Озарение пришло в момент: оставить каждый этап как законченное произведение. Так в его практике появились параллельные версии одной работы, как в трёх картинах из коллекции Шифф (Feature (2–4), 2014–2015). В поздних сериях, например Reflection in the Mirror (1–7) (2020–2021), он сканирует первую версию на холст и дорабатывает её карандашом, акрилом и маслом.
Дальнейшая работа включает тональный анализ: холст, закреплённый на дереве, покрывается несколькими слоями разбавленного акрила, создавая светло-оранжевый фон перед диалогом с белым цветом. Прозрачности позволяют нижним слоям проступать со временем, добавляя глубину происходящему на поверхности. Но однажды, завершив эскиз, Марк почувствовал, что сцена выглядит однобоко, трагично, лишена сострадания. Два года он искал образ, способный это изменить, и нашёл его в искусстве Боттичелли.

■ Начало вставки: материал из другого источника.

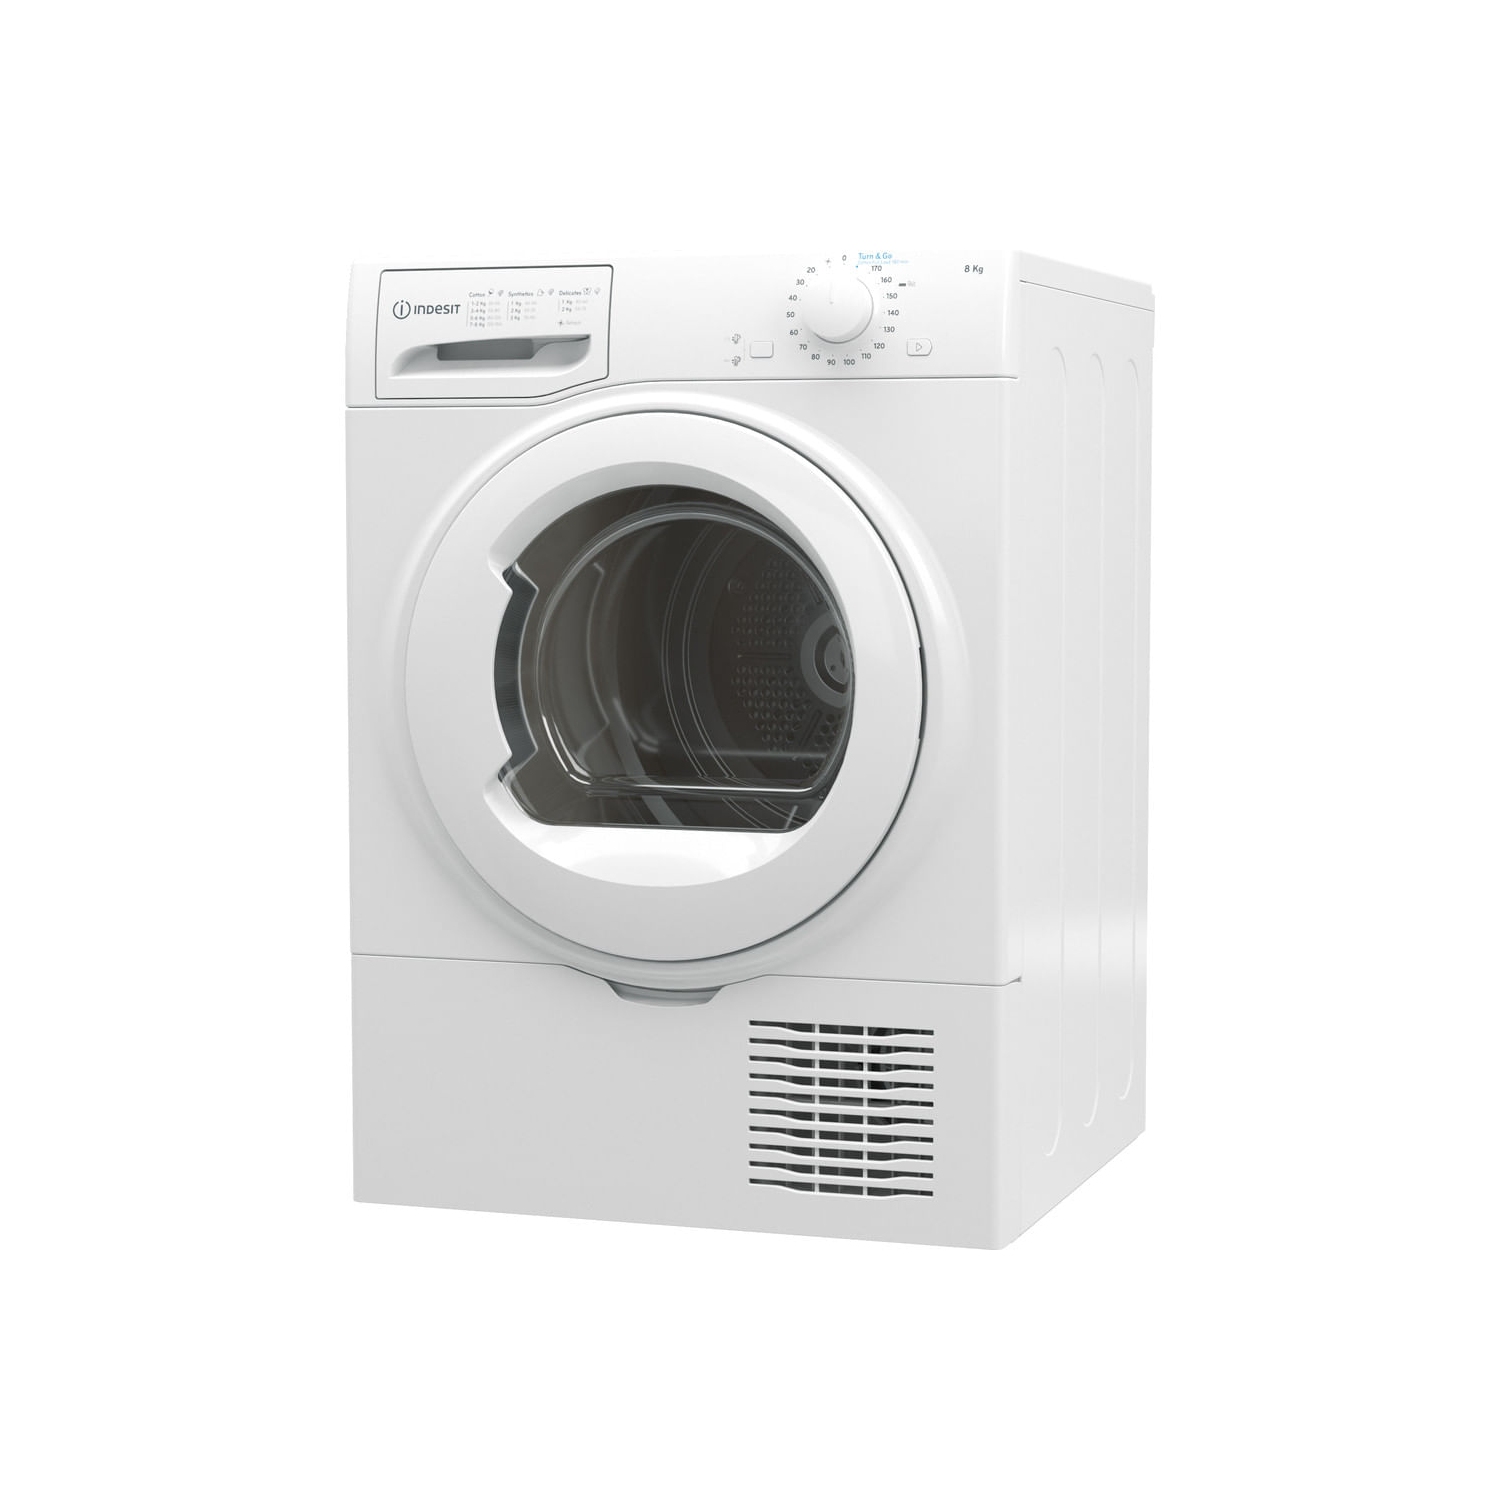 Indesit I2D81WUK 8Kg Condenser Tumble Dryer - White - 0

Эта стратегия — одновременно техническая и метафорическая — отражает его размышления о времени и конечности бытия, о «бытии-к-смерти» в духе Хайдеггера, достигающем кульминации в изображениях постепенного ухода из жизни на фоне смерти матери.
Медитативные состояния сна и пробуждения проходят через многие его работы: жена, спящая или сидящая на кровати вскоре после пробуждения; сын Таль, задумчиво глядящий в открытое окно. Эти спящие или задумчиво созерцающие фигуры противопоставлены образу матери, которая почти всегда бодрствует — за исключением последнего портрета. Чувственное, эмоциональное и умственное начала у Марка проходят через фундаментальный реализм, стремящийся к самой основе живописи, соединяя женские и юношеские образы в состоянии уединения или раздумья с хроникой ухода его матери.

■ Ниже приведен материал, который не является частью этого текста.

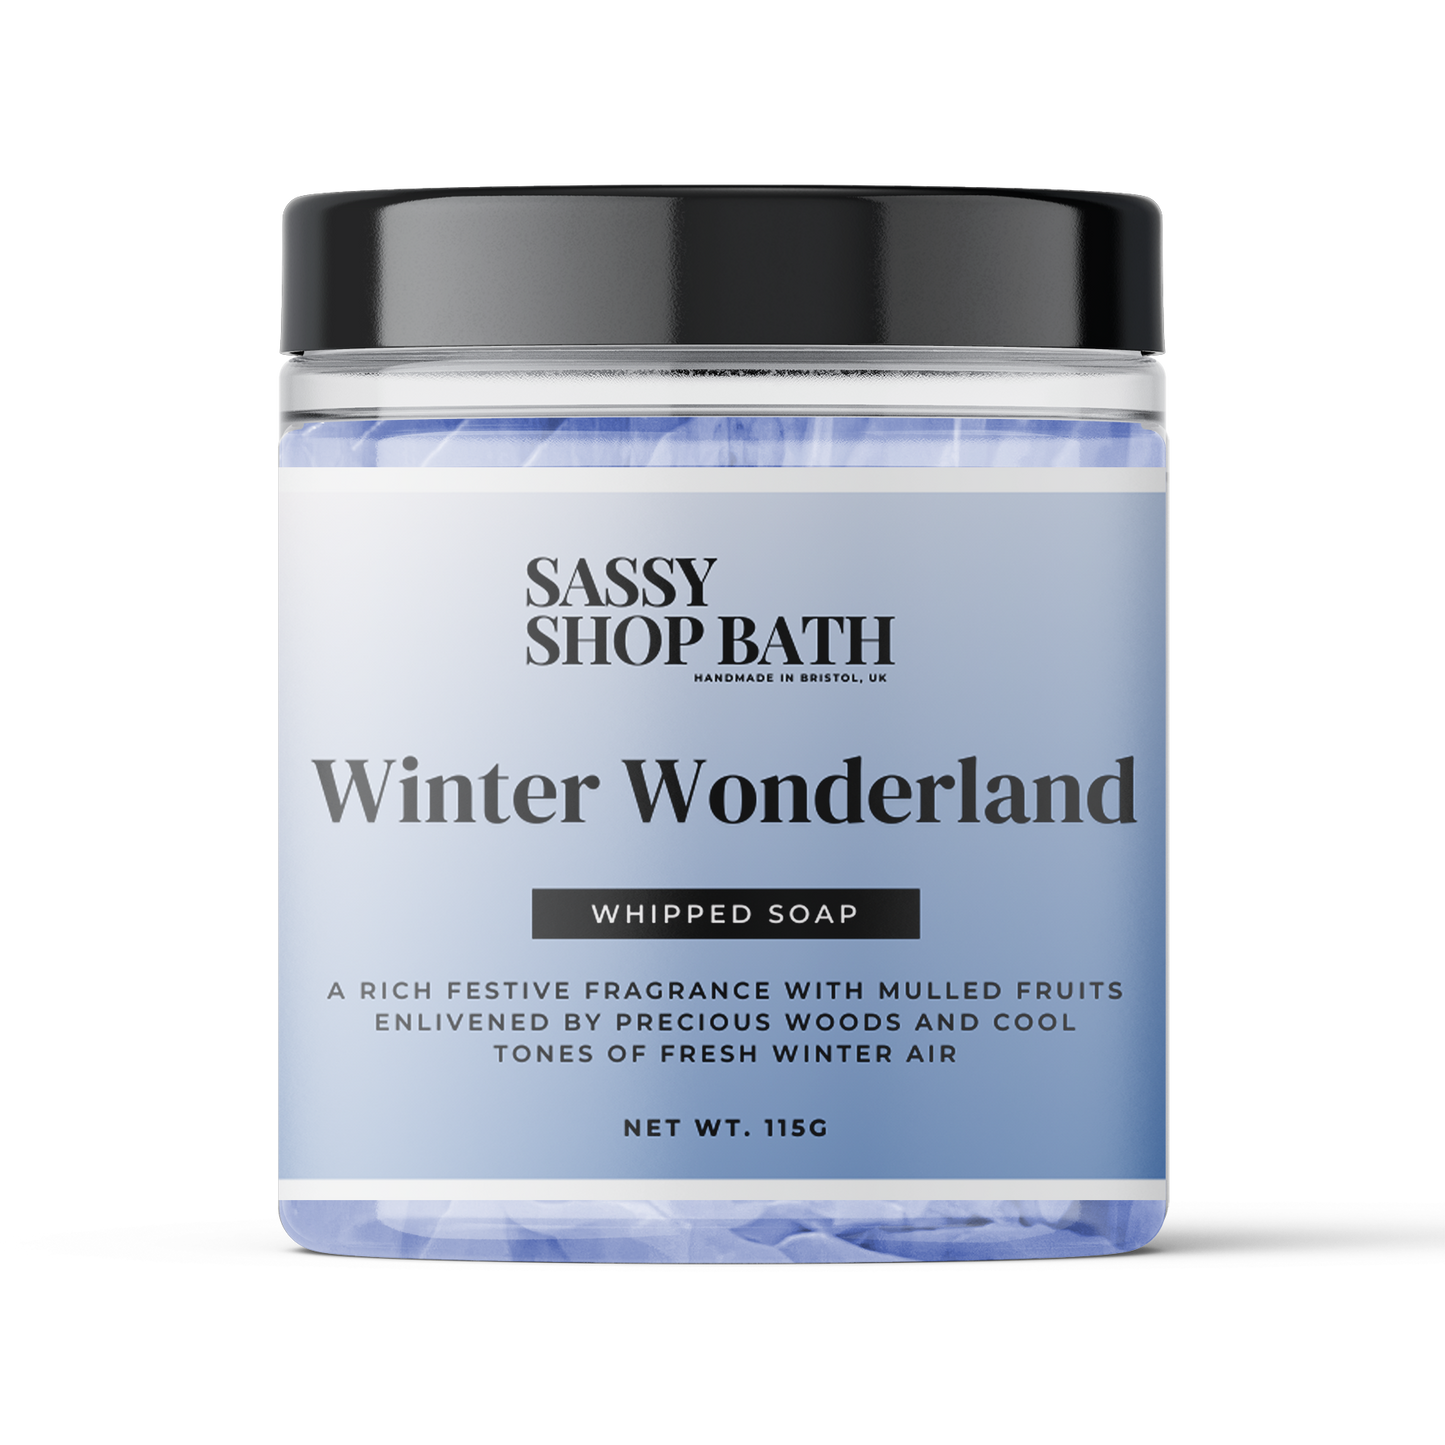 Sassy Shop Bath Whipped Soap - Winter Wonderland

Марк был рядом с матерью до самых последних её мгновений, ухаживая за ней и продолжая писать её портреты. Он вспоминает, что процесс ухода был постепенным и выражался в всё более продолжительных периодах сна: «Сначала она засыпала во время разговора, пока я её писал. Потом стала засыпать всё чаще, переходя из состояния бодрствования в дремоту. В последний раз, когда я пришёл, был уверен, что она спит. Я обнял и поцеловал её — и только тогда понял, что всё кончилось».
Доктор Дрорит Гур Ари определяет этот цикл работ как накопление эмоций в тишине. Картины Марка — сдержанные, тщательно выверенные, погружённые в безупречно серое пространство — часто выстраиваются вокруг монументального центрального образа, словно строгой иконы, создавая для зрителя священное, медитативное пространство, подобное храму. Художник фиксирует замедленное угасание жизни своей пожилой матери, соседствуя эти образы с портретами молодых женщин и юношей — сосредоточенных, созерцающих, пребывающих в состоянии внутренней тишины.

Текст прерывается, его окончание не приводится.